What really got me fucking fired up about this shit was being forced to watch Beauty and the Beast. This movie should teach young girls what NOT to get involved in. This goddamn tale should be a lesson in how fucking emotionally and physically abusive people can be. Only Meatloaf would “do anything for love”, not a dude that looks like a fucking hairy line backer who shows you his goddamn teeth! If you haven’t seen this flick or need a refresher, basically Belle leaves her motherless household with no high school diploma, gets TRAPPED into living in a dark scary castle, and allows herself to be manipulated into believing that the man running the place will change. All the poor fucking servants are so scared that they plead and beg her not to irritate him, because he has a temper. Belle lives in a dream world where she truly does believe he will change his abusive ways. He screams at her, throws shit at her, locks her in her room for days without food, and then says he is so sorry and begs for forgiveness many times. That sweet gentle Belle takes the abusive loser back every time.

Sound like any of your girlfriends? Yeah, thank Walt for that one. Just because at the end of the story he turns into a handsome prince doesn’t mean he isn’t still a beast.

I am not trying to be a fucking feminist here, because you all know I prefer a strong hairy beefcake of a man. What I want to make clear is almost every female character in these Disney movies is insecure and self destructive. I would rather hang out with an ugly stripper with daddy issues any day before hanging out with Princess Jasmine. I think it is drilled into many women’s heads that they need to find that prince who is made for them, or you know…the one! Men aren’t perfect. Men don’t run around in tights and ruffled shirts with swords…unless they are some fucking nerd at a renaissance fair who probably has herpes.

If they could JUST show Pocahontas working in a casino and discovering she is married to a drug dealer, or seeing Ariel go get plastic surgery after her fucking divorce so she can have her fin back. Or maybe they could show a therapist tell Snow White she has a deviant sex addiction. Seven small dudes and her in one house, if that story isn’t the most fucked…I don’t know what is.

HAPPILY EVER AFTER NEVER HAPPENS! Get the fuck over yourself baby girl! It is never going to happen! Pretty Woman sums it up perfectly “Who does it work for?” “Cinderfuckinrella!” You aren’t going to be saved and woken up someday by a kiss, unless it is after a few too many martinis and you need mouth to mouth after trying to give a blowjob in a hot tub!

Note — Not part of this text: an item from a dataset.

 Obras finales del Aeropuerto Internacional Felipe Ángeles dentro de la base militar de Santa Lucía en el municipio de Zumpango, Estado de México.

FACT: You are going to get zits, wrinkles, stretch marks, or gain 10 pounds, and eventually you’ll stop asking the mirror who is the fairest of all. You won’t always be beautiful, and you will never be perfect. People will cheat, people will die, people will make your pee burn, and you may think you have met the person of your “dreams” - but you will wake up to find they aren’t so good and they make you want to poke your fucking eyes out. Been there, done that.

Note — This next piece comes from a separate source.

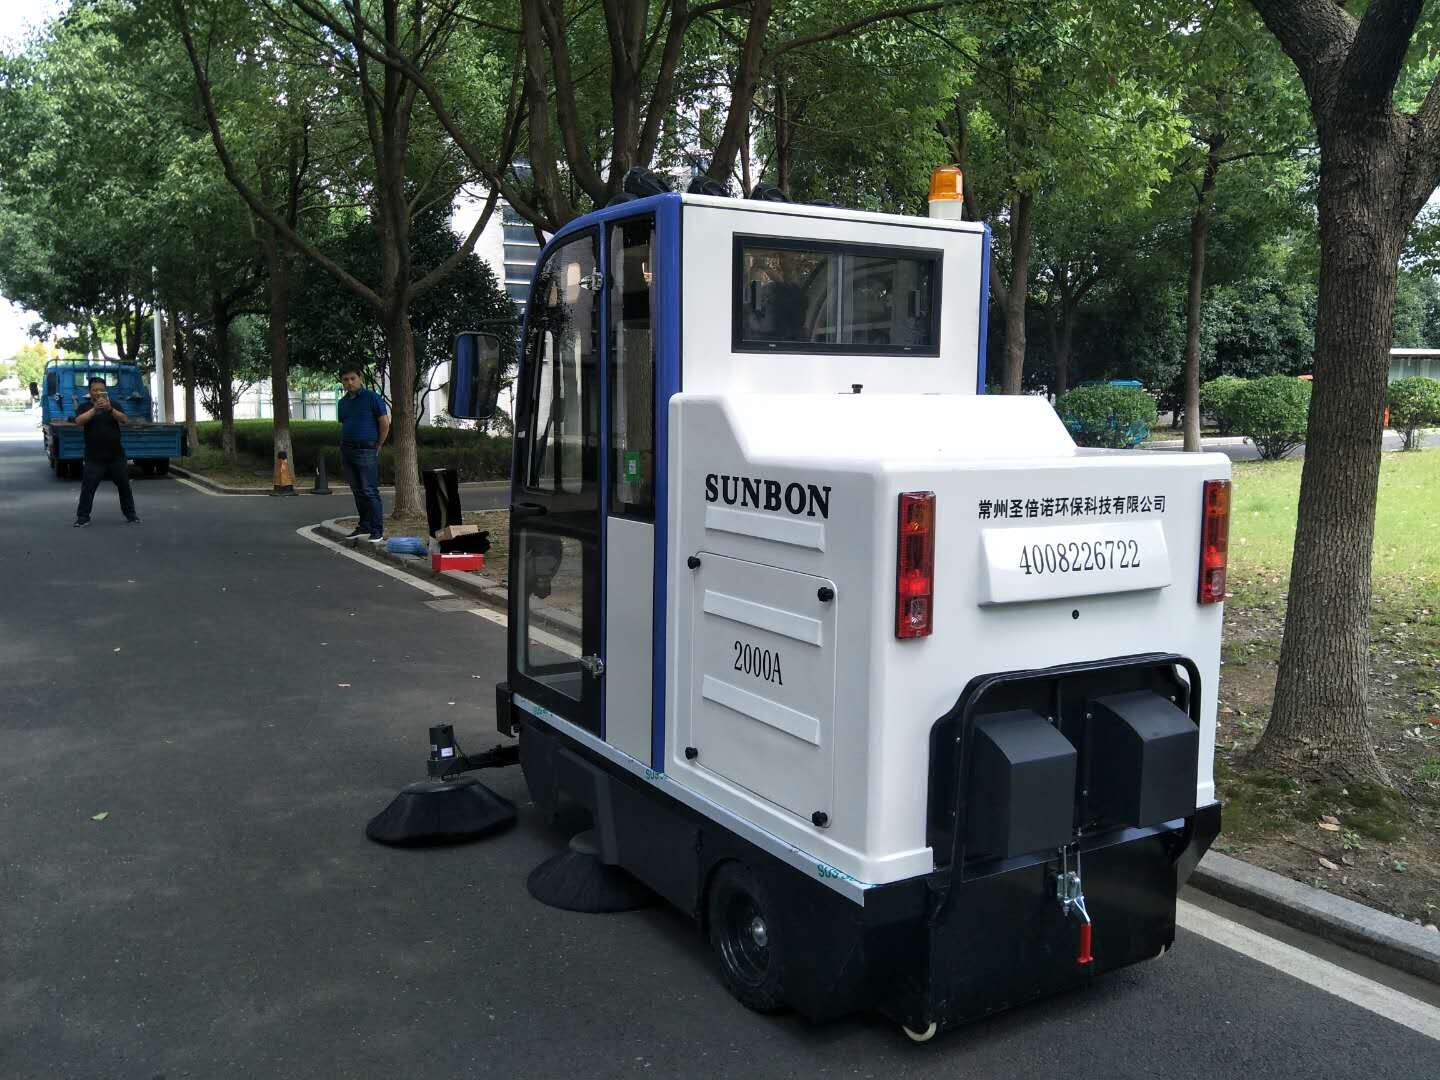 驾驶式扫地机成为公园保洁利器

If you keep living in a fantasy world seeking the person you are “supposed” to be with, you will end up chasing that dream forever. Take a good look at yourself and what really makes you happy. Find somebody who meets those needs, find somebody who lets you be YOU, and doesn’t treat you like shit. Let your guard down and let life happen to you. In other words go SOW YOUR GOD DAMN OATS! You’ll be surprised how life will work out if you let it.

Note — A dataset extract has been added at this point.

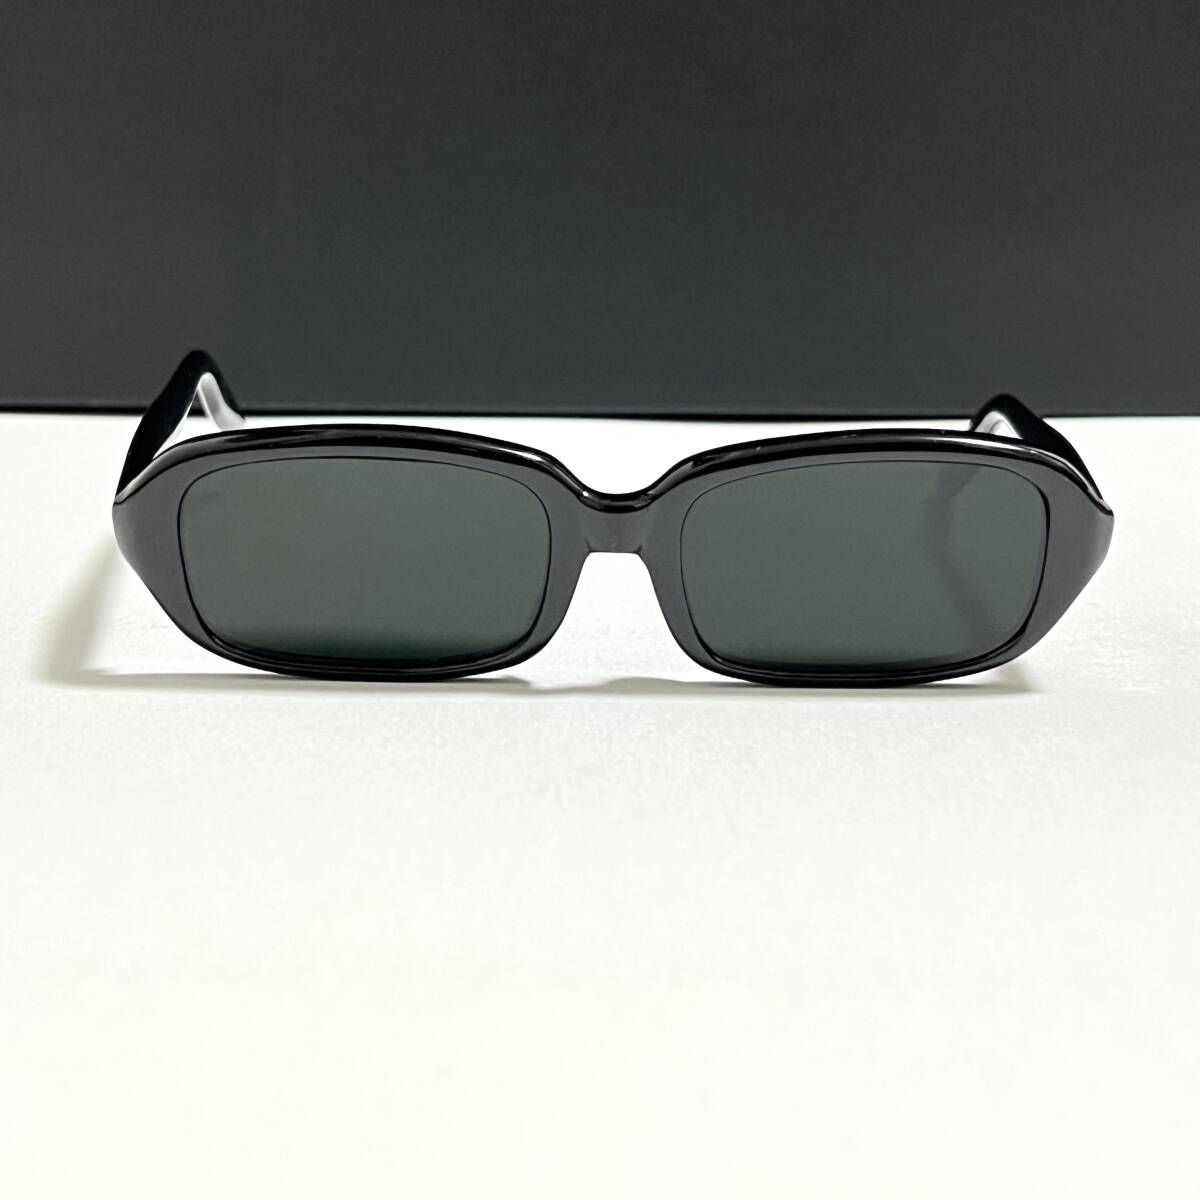 ◆セルロイド製 芯無し ヴィンテージ サングラス フラットレンズ レンズ海外仕様 ブラック 黒 VINTAGE EYEWEAR sunglassesの画像3

Life is a lot more interesting and lot more real when you aren’t waiting for the magic carpet to come swoop you up…Although a hookah and a Middle Eastern guy are found pretty easily and that just might hit the spot. (You’ll never know if you like it unless you try it.)

So get off your high horse Cinderella…and get off on someone’s horse cock. There’s no prince coming for you, but you can start cumming for yourself.Take two shots of whiskey princess, lose your panties…and let me know how you feel in the morning.